## Aim of the exercise:
Wherever a picture appears in the listing below, leave it out and reproduce the rest exactly.

## Given data:
-=-=-

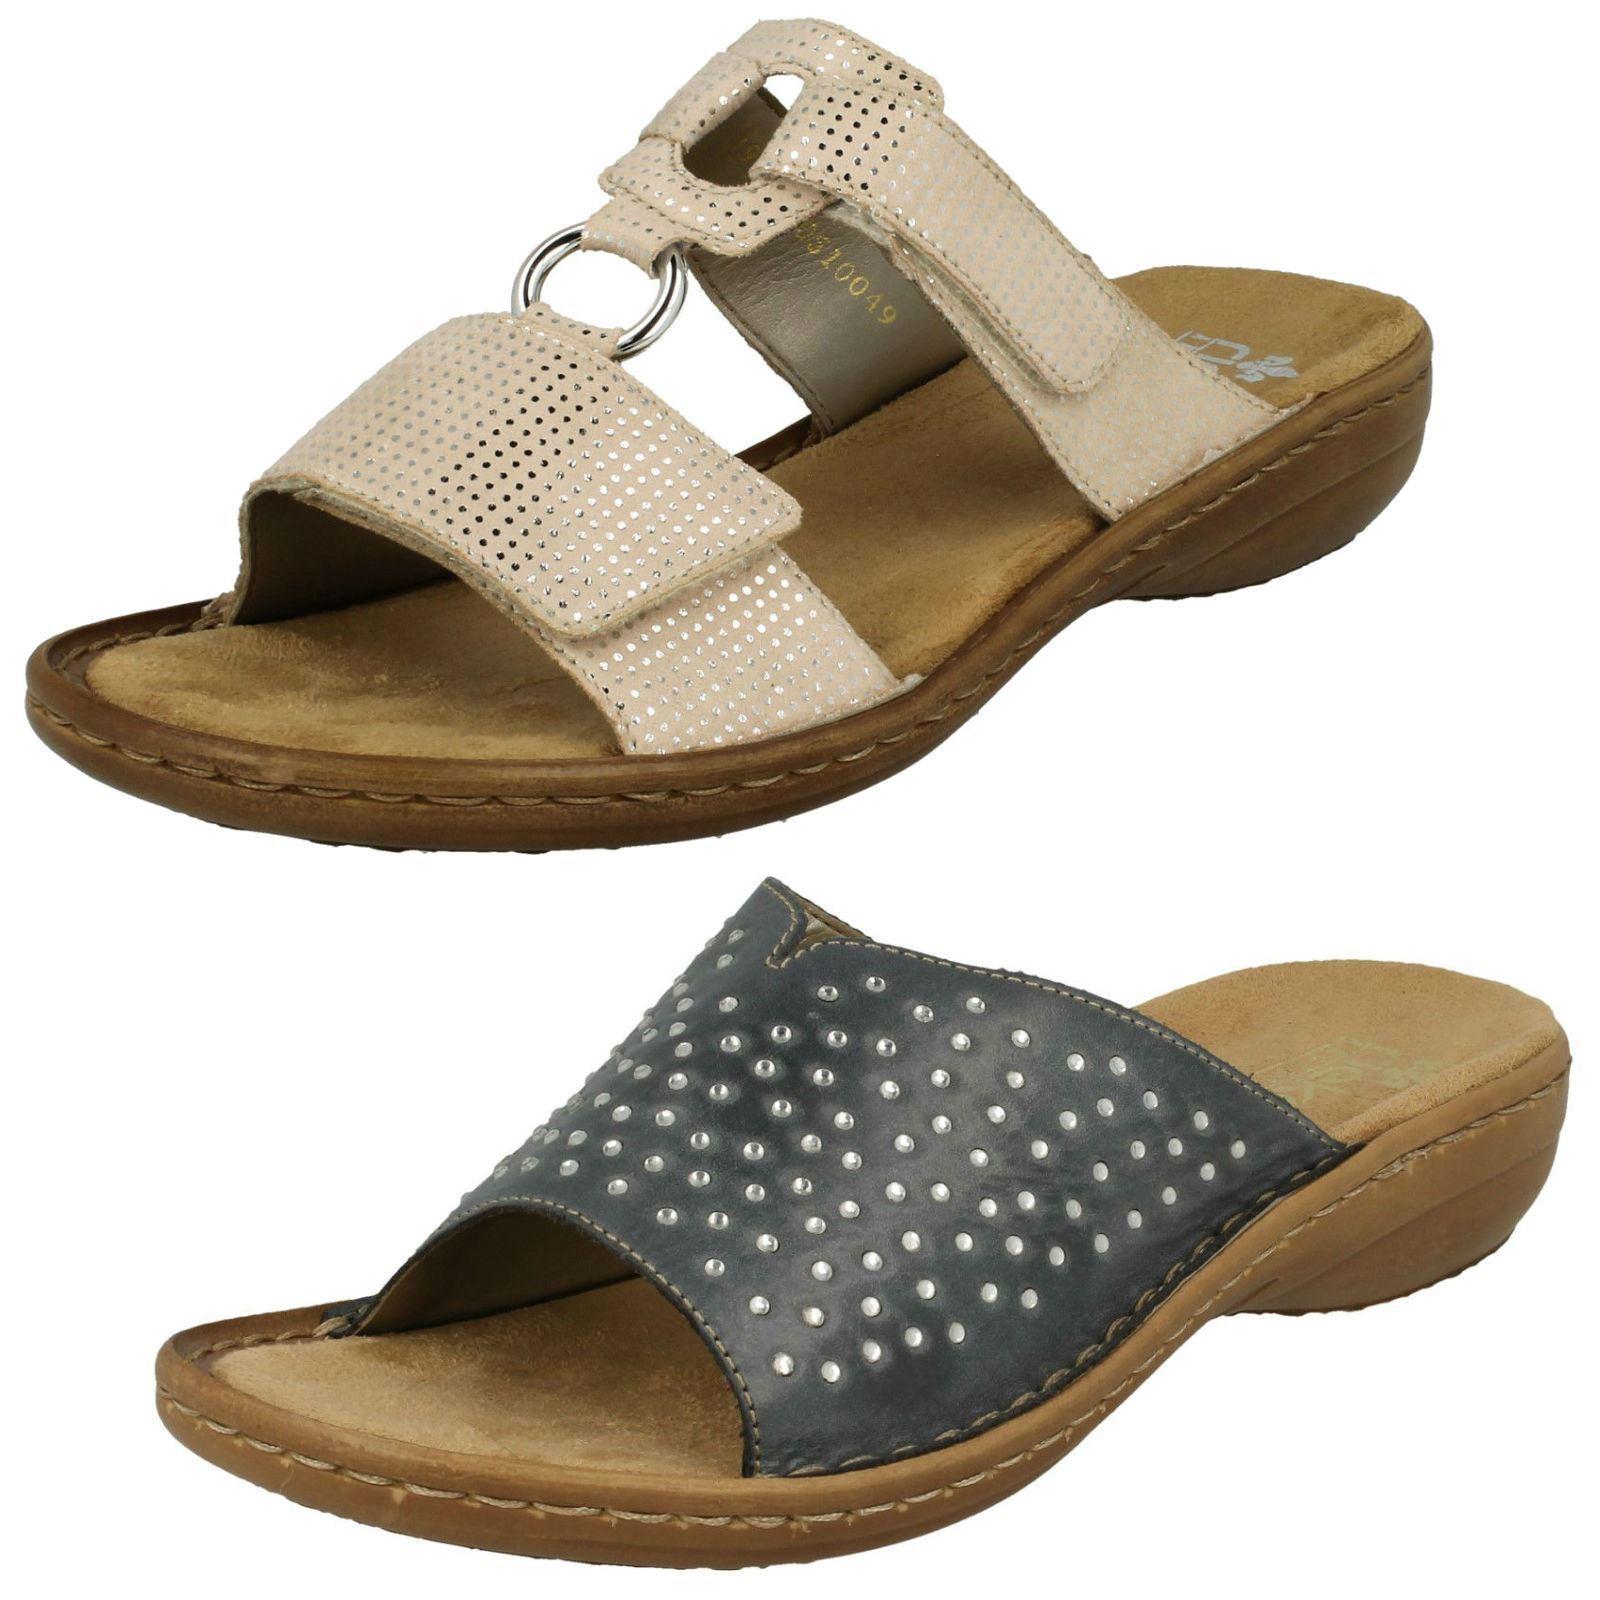 Damen Rieker 608p9 Freizeit Pantoffeln Sandalen Slipper  | Flagship-Store
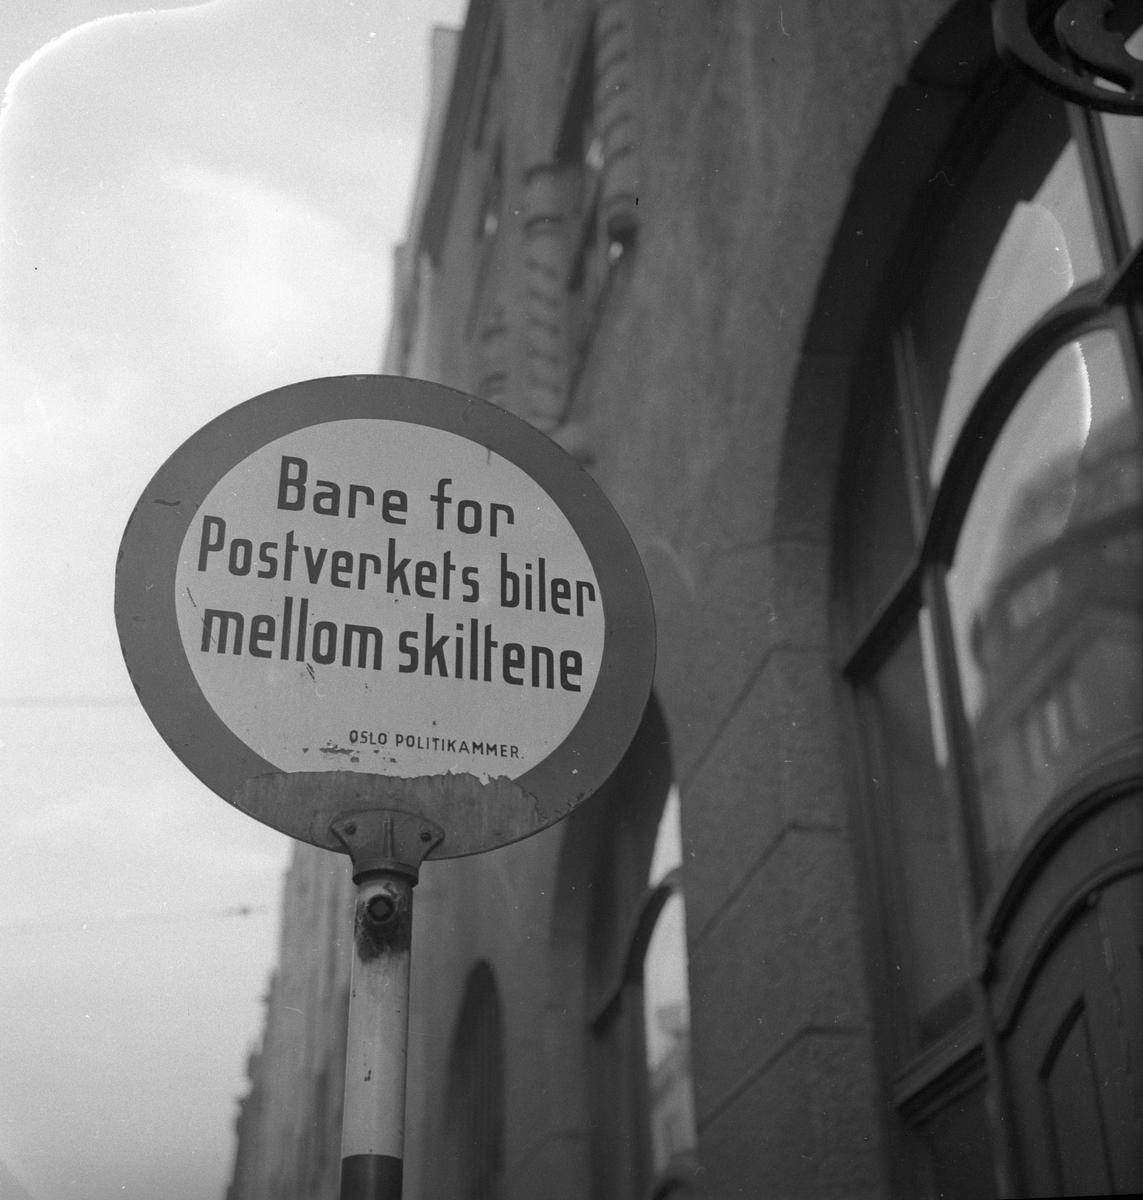 """Trafikkskilt """"Bare for Postverkets biler mellom skiltene. Oslo Politikammer"""", Oslo."""
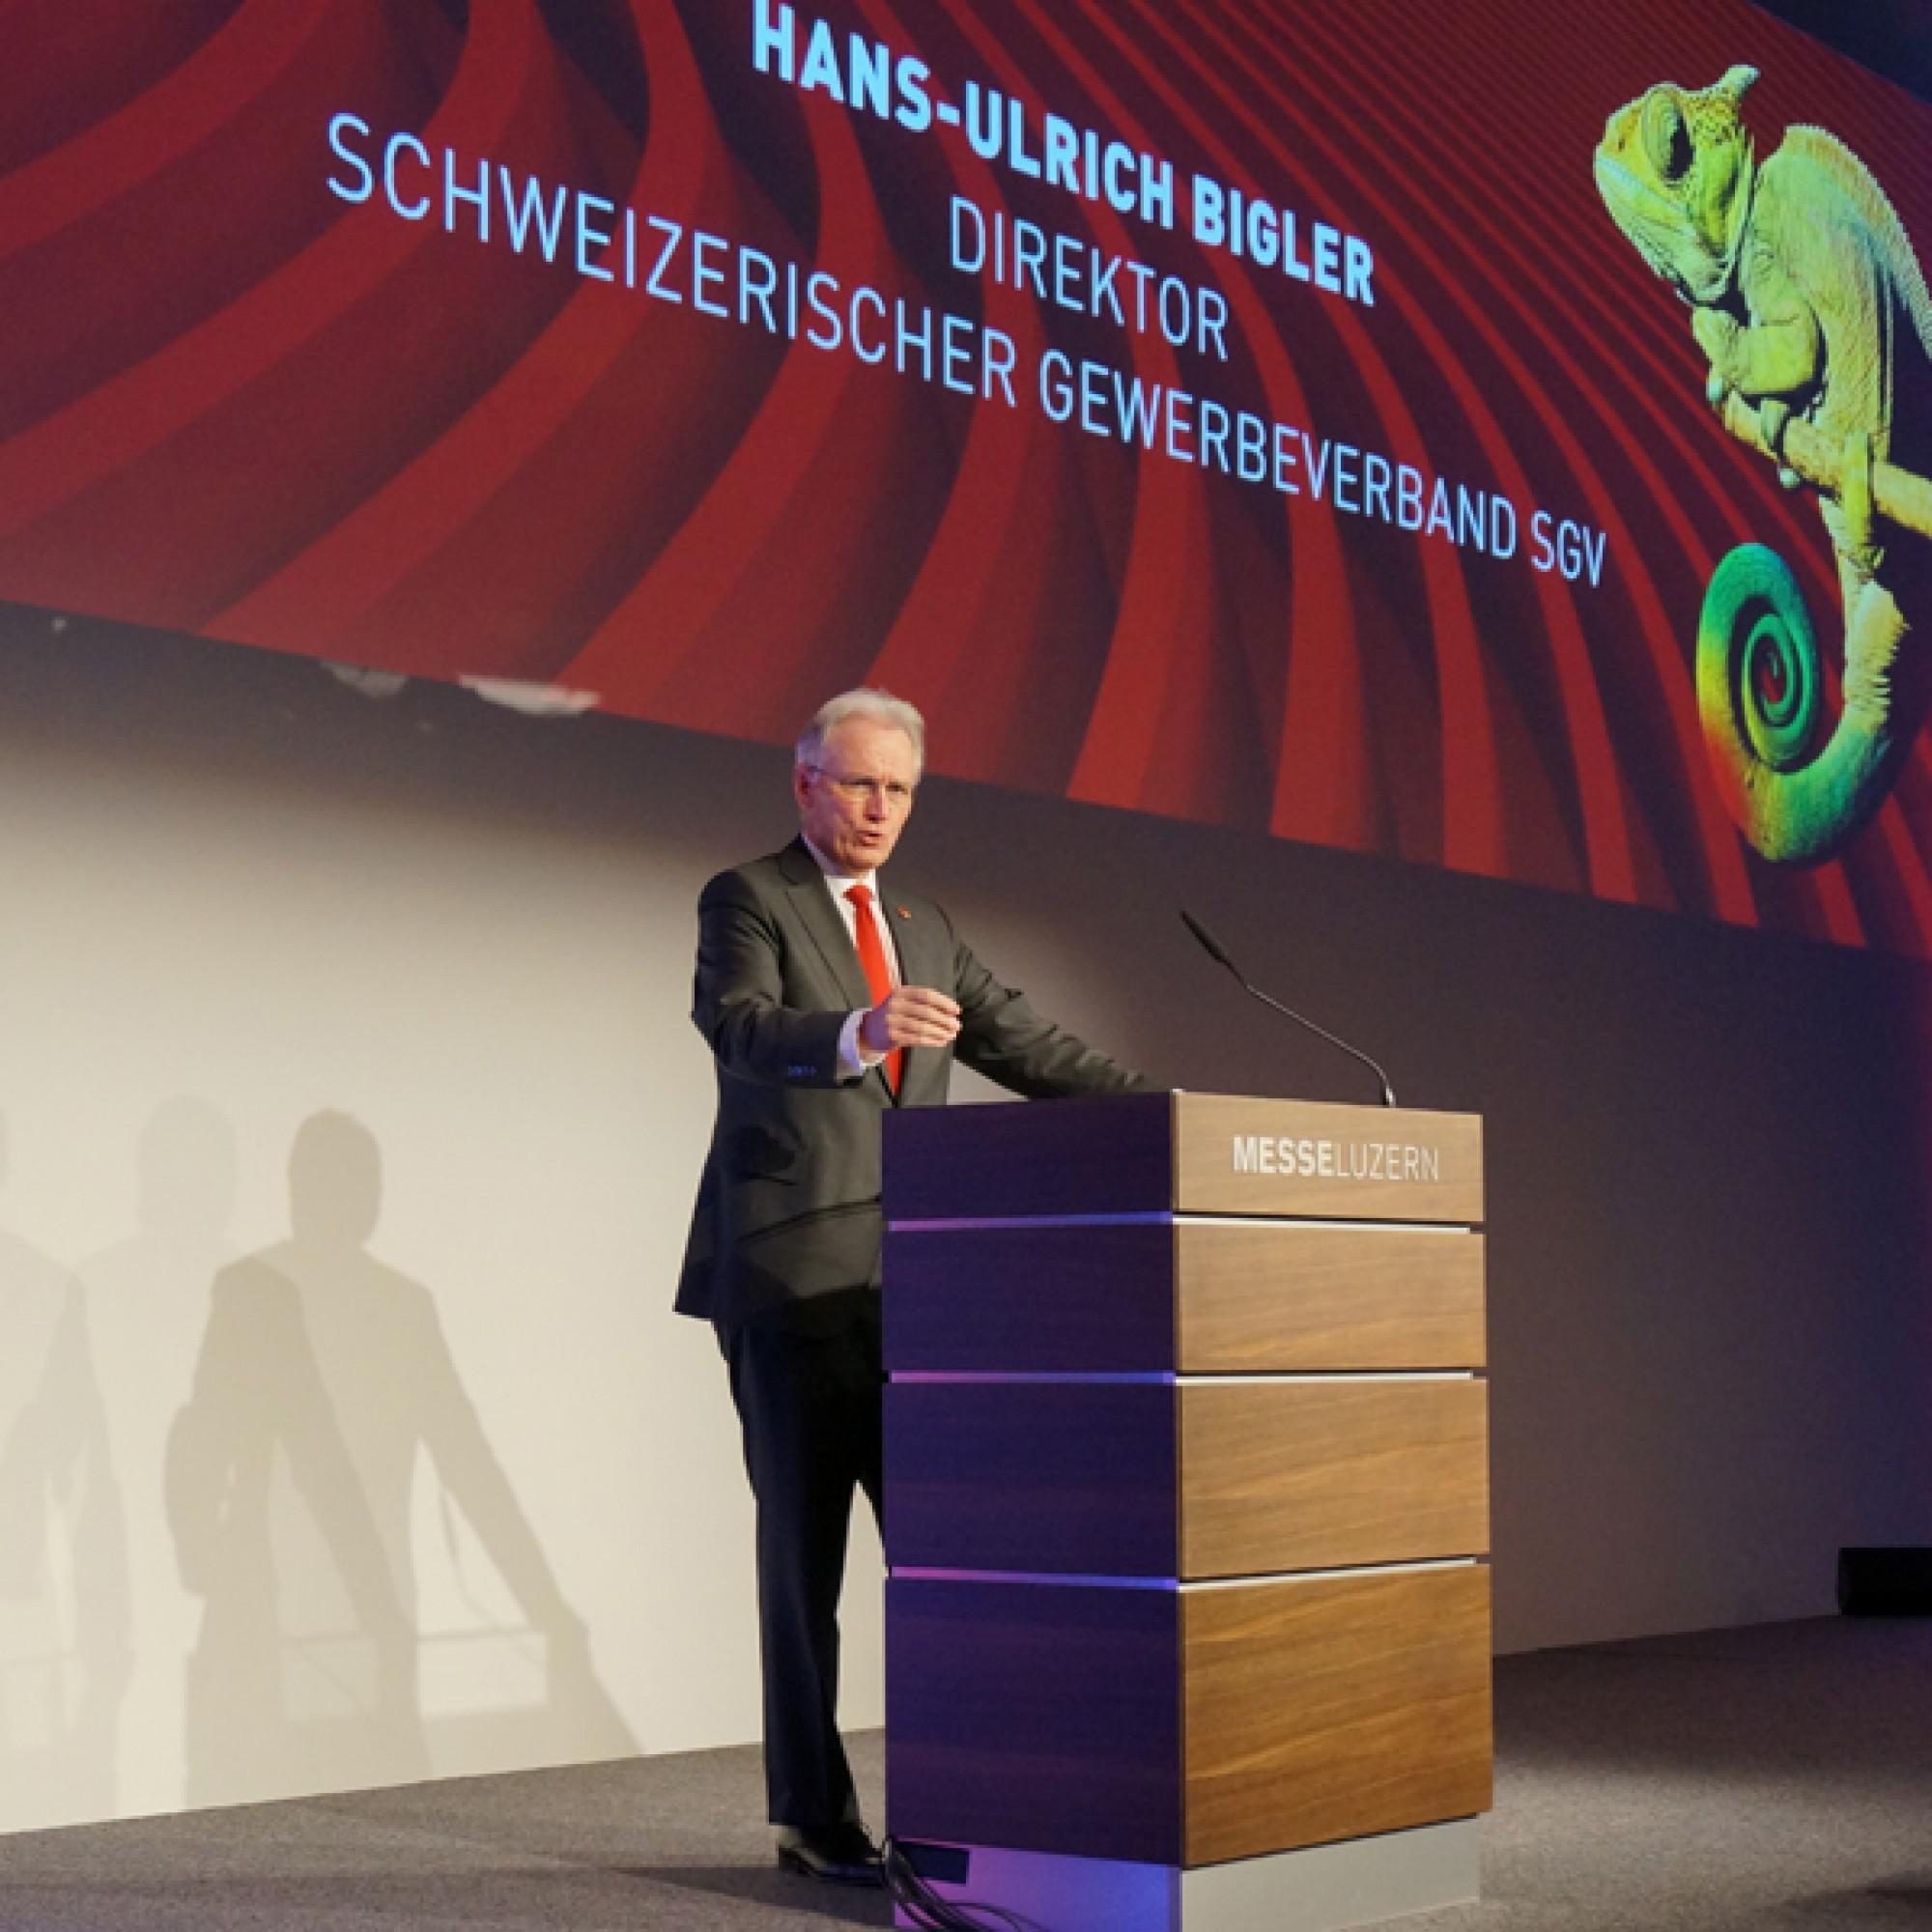 5799 Hans-Ulrich Bigler, Direktor des Schweizerischen Gewerbeverbands (SGV) .(Gabriel Diezi)
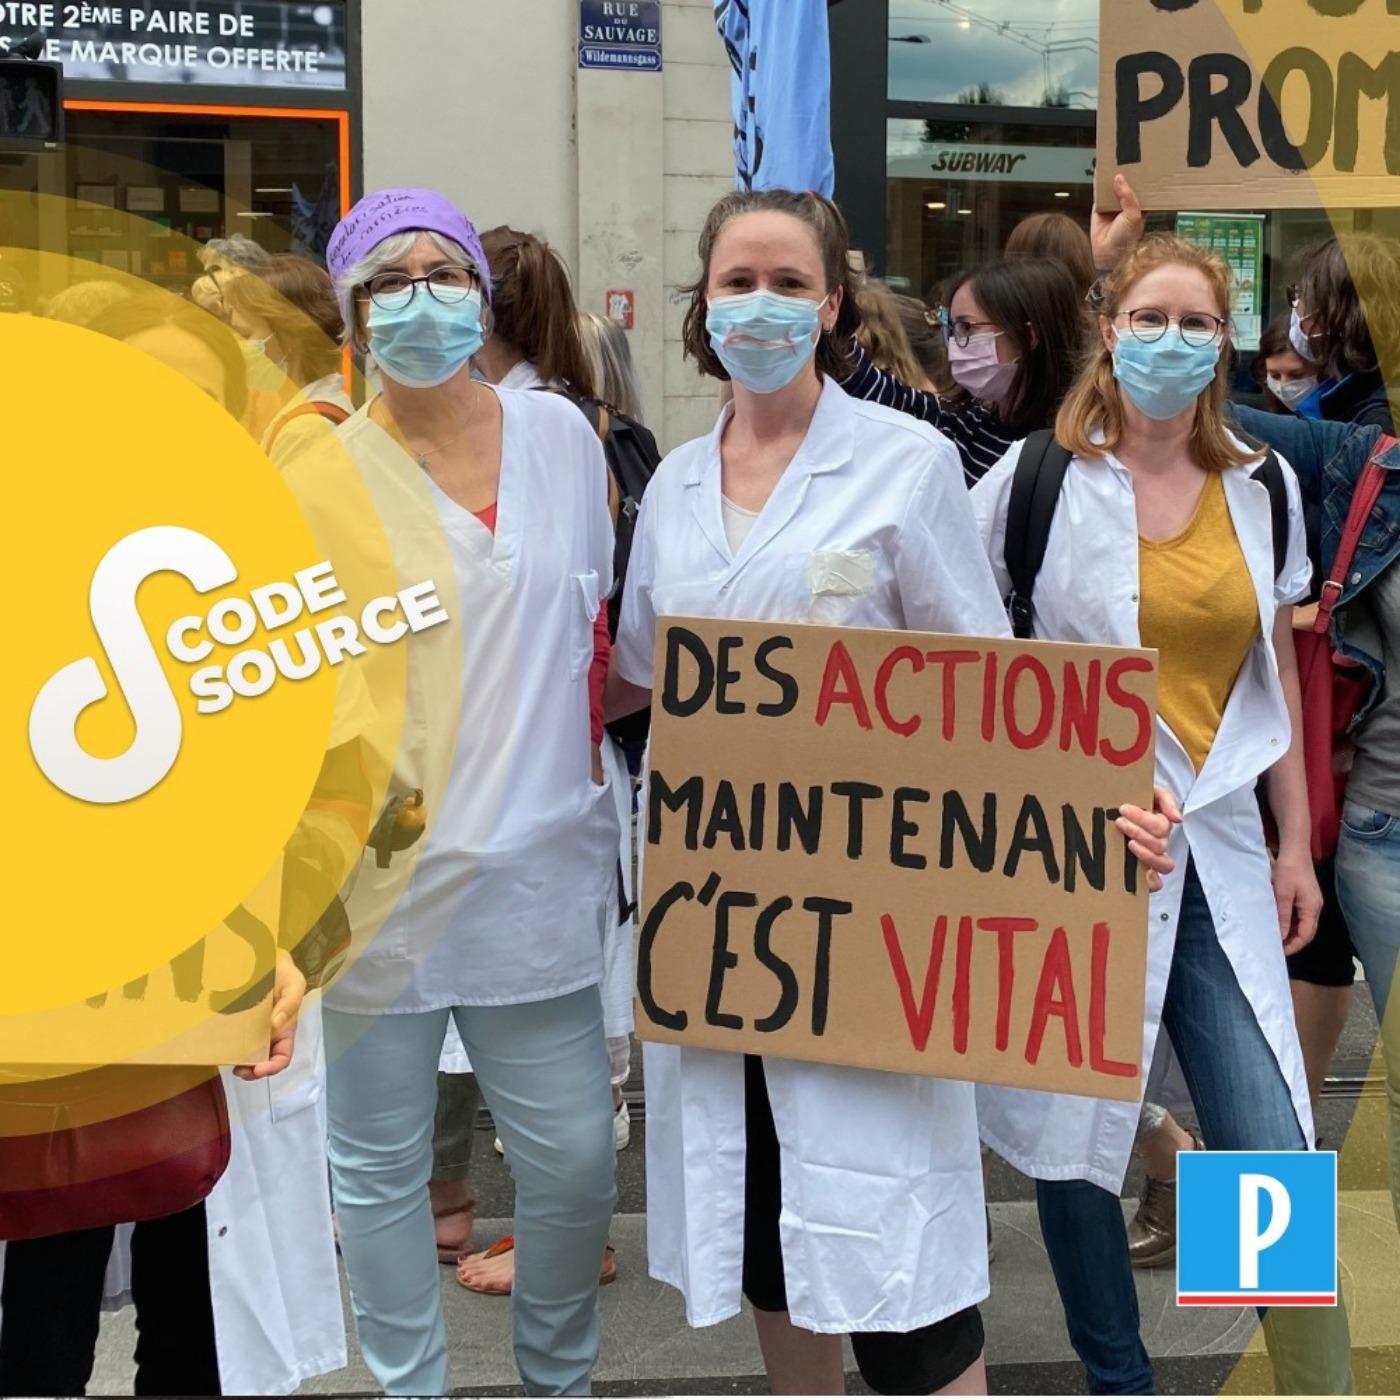 «Rien n'a changé» : l'amertume d'Ysaline, 36 ans, aide-soignante d'un hôpital francilien

-=-=-

## Answer space:
 Damen Rieker 608p9 Freizeit Pantoffeln Sandalen Slipper  | Flagship-Store
 """Trafikkskilt """"Bare for Postverkets biler mellom skiltene. Oslo Politikammer"""", Oslo."""
 5799 Hans-Ulrich Bigler, Direktor des Schweizerischen Gewerbeverbands (SGV) .(Gabriel Diezi)
 «Rien n'a changé» : l'amertume d'Ysaline, 36 ans, aide-soignante d'un hôpital francilien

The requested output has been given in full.